The above uses only one Elliptic Curve Group whose generator $\mathbb G$.
In the appendix where the document describes Bilinear Pairings, this is the description.
For three cyclic groups $\mathbb G,\widehat{\mathbb G}$ and $\mathbb G_T$ (all of which we shall write multiplicatively) of the same prime order $p$, a bilinear pairing $e$ is a map $e : \mathbb G \times \widehat{\mathbb G} \mapsto \mathbb G_T$
Note that here 2 different elliptic curve groups $\mathbb G$ & $\widehat{\mathbb G}$ respectively are used (instead of $\mathbb G$ being used as both the first & second group in the earlier description).

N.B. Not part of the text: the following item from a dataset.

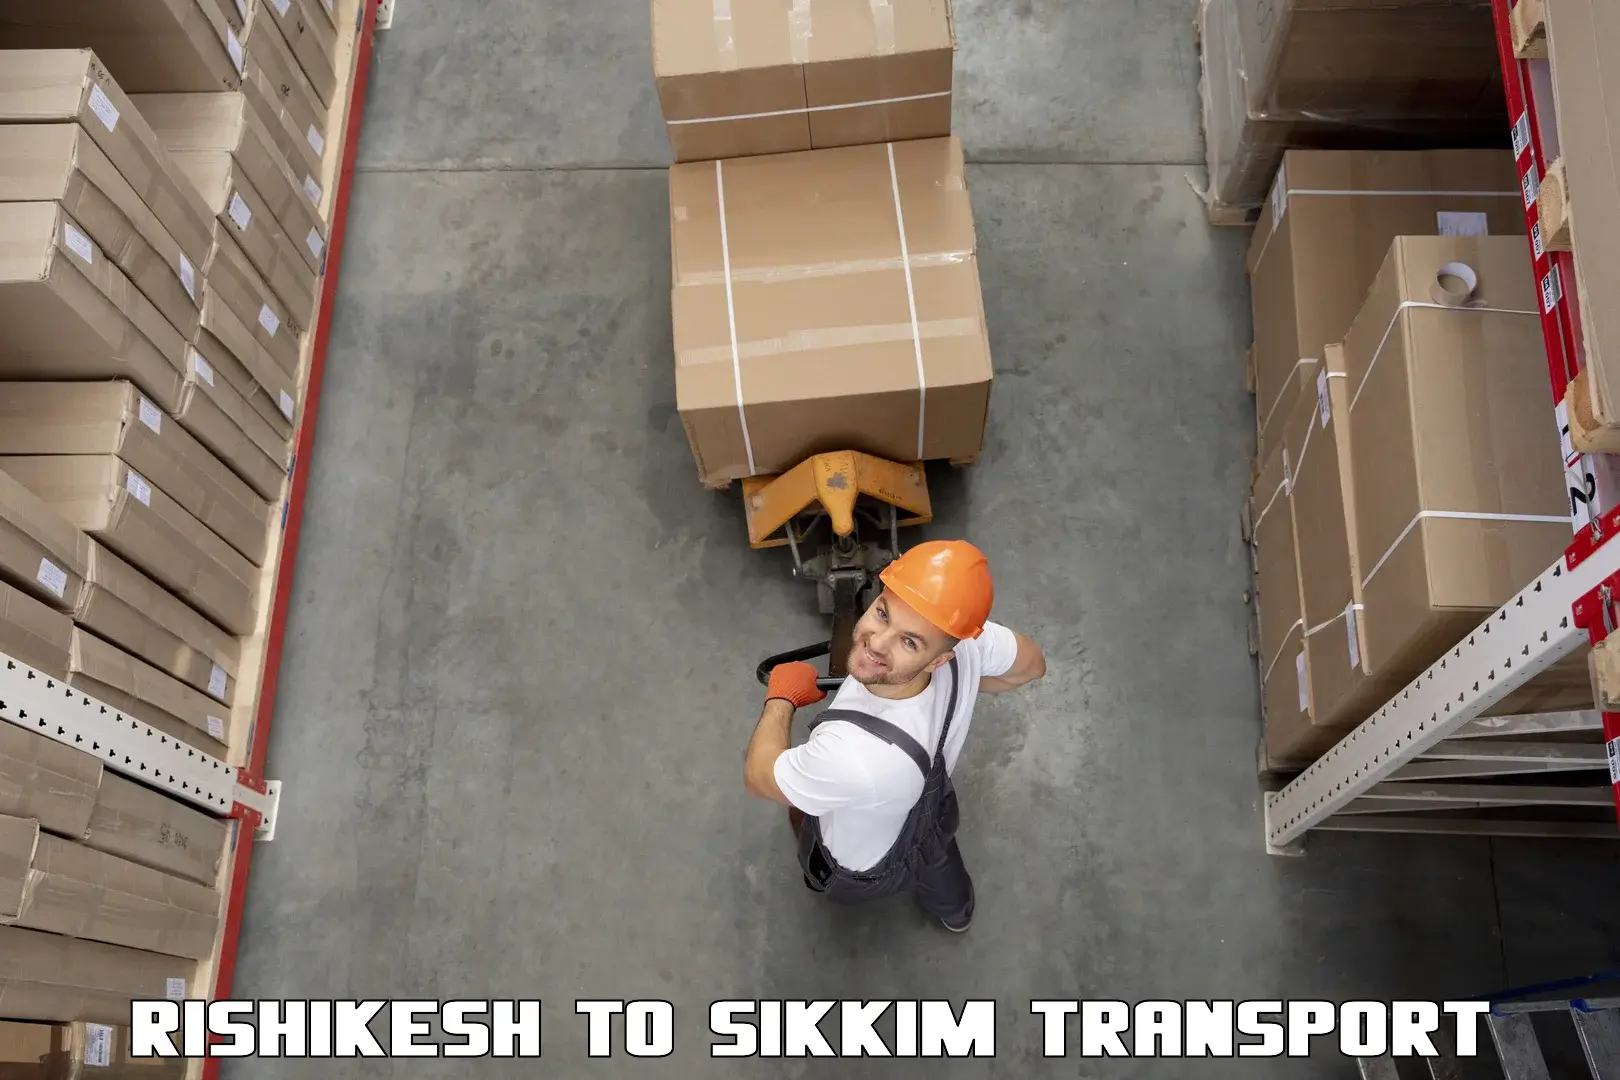 Air cargo transport services Rishikesh to Pelling

And this is not just for type 1 pairings, but all 3 types of pairings can have different generators.
I am a little confused about how the proof would work if the 2 generators were different.
For e.g. if we have to prove
$Q(x) = \frac {F(x) - c} {x-b}$,
This is how we do it.
$Q(x)(x-b) = F(x) -c$
Evaluating at $x=a$
$Q(a)(a-b) = F(a) - c$
Now we multiply both sides by $G$ (which is the generator of the group $\mathbb G$ & this becomes
$Q(a).G.(a-b) = F(a).G - c$
Now $C_Q = Q(a).G$ (commitment of $Q$) &
$C_F = F(a).G$ (commitment of $F$)
From here, it's easy to prove that if $e(Q(a)G, (a-b)G) \stackrel{?}{=} e((F(a)-c)G, G)$ is true, then the original statement $Q(x)(x-b) = F(x) -c$ is true. (This proof is also given in the KGZ paper in multiplicative notation). However, I am not able to derive the proof for $G_1 \ne G_2$ - how do I derive the proof for the above in case I am using two different groups with generators $G_1$ & $G_2$.
Now this easy converting of a polynomial into it's commitment by multiplying both sides by the single generator is key to using pairings to prove without knowing the polynomial itself.
I am not sure how this translates to the two groups being different $\mathbb G$ & $\widehat{\mathbb G}$ because they would then have different generators & you won't be able to multiply both sides by the same generator to convert the polynomial into it's commitment so as to verify a proof without knowing the polynomial itself (and just knowing the SRS).
So where exactly is the generator of the 2nd Group $\widehat{\mathbb G}$
used & how does one convert the polynomials into their respective commitments in that case.